It was the late 1960s when new mothers especially were very often enticed with baby food supplements promising optimum levels of iron, calcium, and scores of mineral. However, it was all spurious.
And, it was Annapurna Shukla, from Varanasi, who turned up with her pioneering research in infant nutrition and was instrumental in bringing to the forefront the crucial role of breast milk in the health and well-being of a newborn.
Before Dr. Shukla’s research, doctors, nurses and medical social workers, among others, were ill-advising expectant mothers not to breastfeed their newborns.
While pursuing her Ph.D. in the United Kingdom, the 91-year-old Dr. Shukla observed over 300 babies as the Chief Medical Officer (CMO) in Worcestershire. Of those 300 infants, only one was being breastfed by its mother and that too partially.
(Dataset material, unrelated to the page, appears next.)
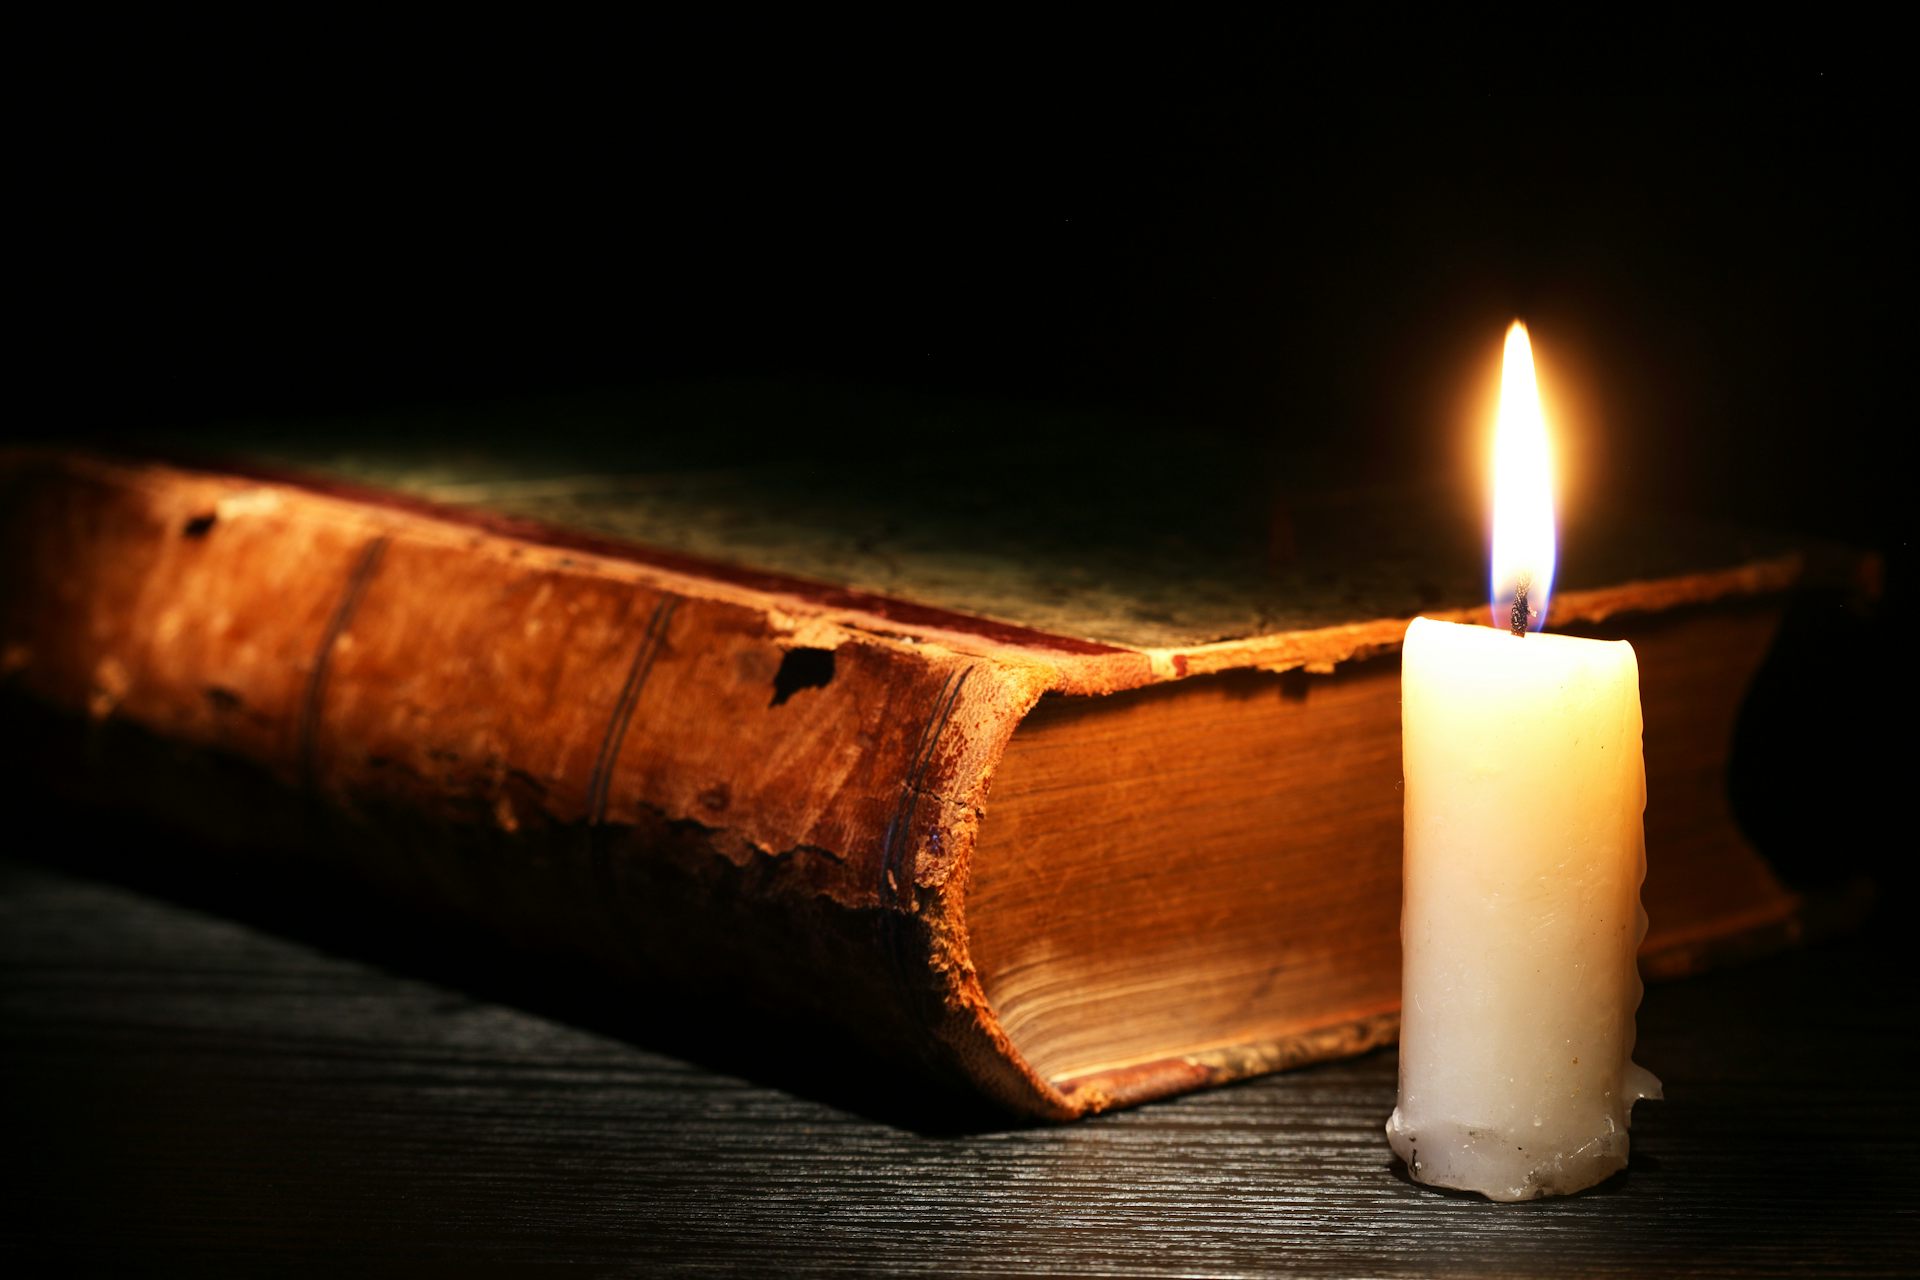 A candle next to a book.

She saw that the babies in the European countries generally weighed more than an average Indian baby.
She also understood that families were allowing themselves to be misled by the advertisements and packaging of baby food. They were told that these products are better for the child’s health and mother’s milk is insufficient.
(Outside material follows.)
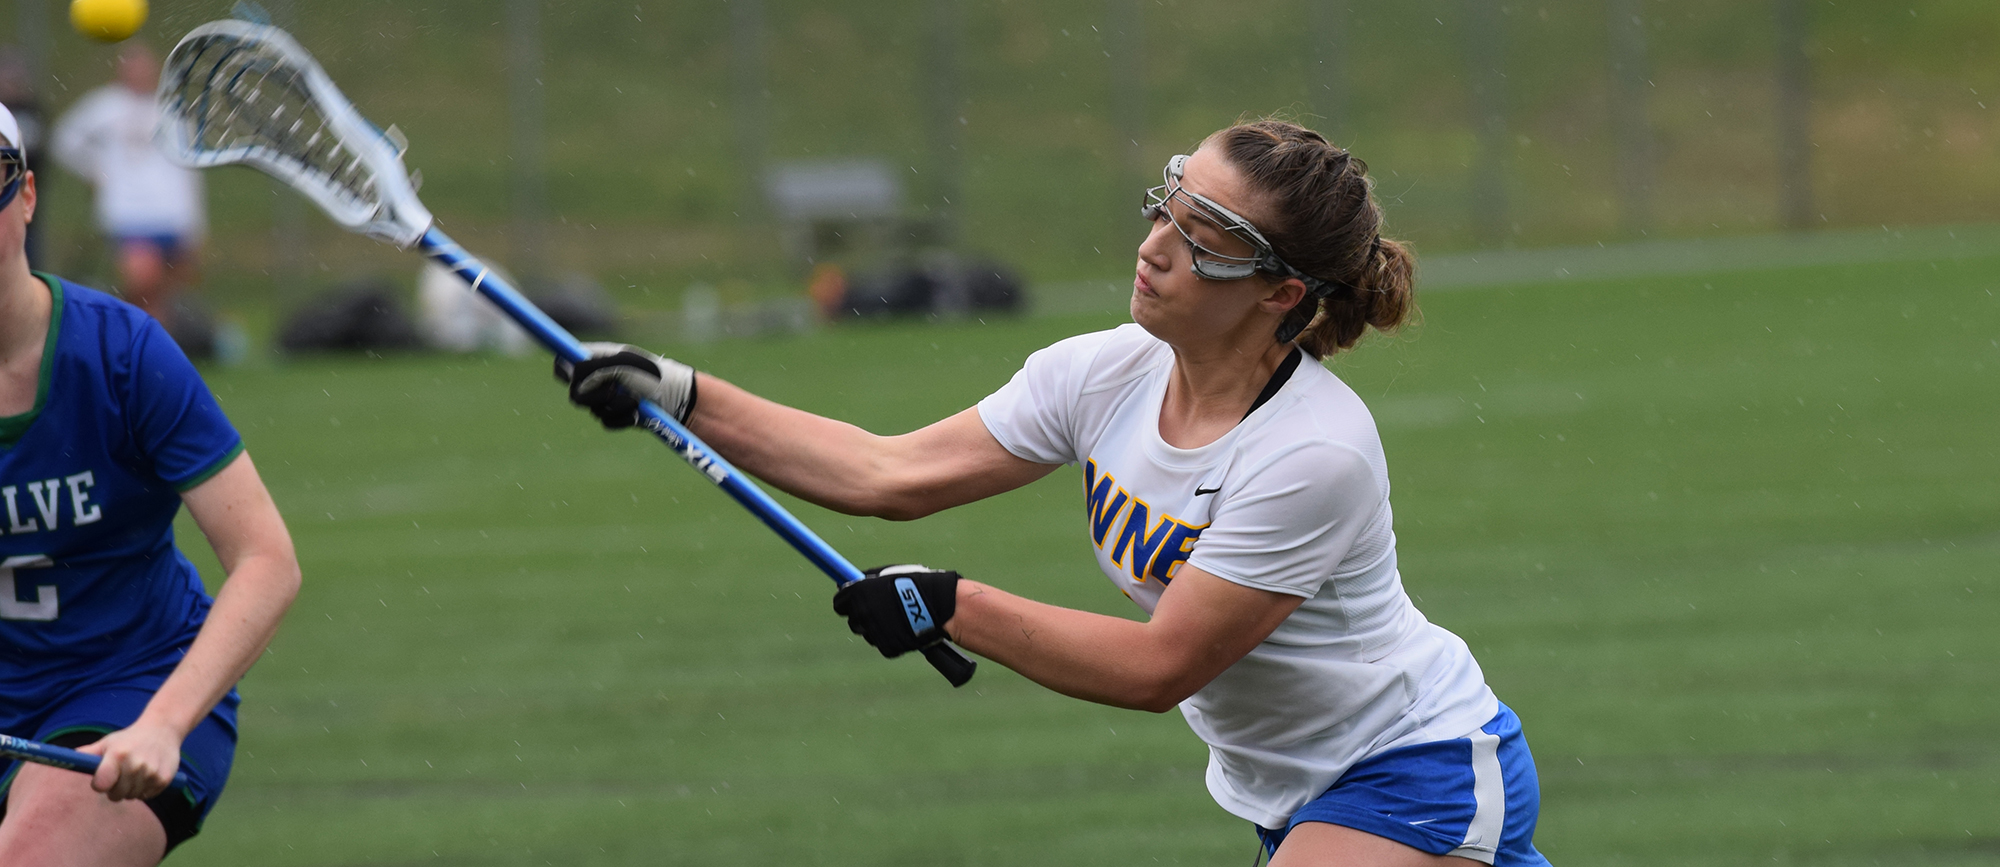 Junior Rachel Canning led the Golden Bears with a game-high six goals in Tuesday's loss to Salve Regina. (Photo by Rachael Margossian)

The research was carried out in the United Kingdom and published in the British Medical Journal. She along with three other researchers studied parameters such as body weight, calorie intake, feeding pattern in infants and their correlation with obesity.
Shukla told TOI “We found that babies up to one year of age, who were getting solid foods and not breast milk, were obese and overweight. When the research was published, the government ordered baby food manufacturers to carry a warning that they were ‘not a substitute for mother’s milk’ on their products. It upset a lot of companies. And today, we are saving babies because of this knowledge.”
Even the World Health Organization now mandates that babies should be extensively breastfed for at least six months. Consequently, babies should be breastfed for one year as other items are being introduced into the infant’s diet.
Dr. Shukla’s research was based on the vedic practice of anna prashan that introduces solids, usually in the form of milk-and-rice kheer to a child at six months. The veteran said that the founder of Banaras Hindu University (BHU) Pandit Madan Mohan Malviya influenced her life since her childhood.
She completed her MBBS from Patna Medical College (then Prince of Wales Medical College) in 1945. After completing MBBS, she got married and started working as a medical officer at Mahila Mahavidyalay. She was one of the four practising women doctors in Varanasi at the time.
She even taught women at food science and nutrition department at Banaras Hindu University and motivated them to pursue valuable research. Finally, in 1969 she went to UK to do her Ph.D. in infant nutrition, as part of which she did the groundbreaking research.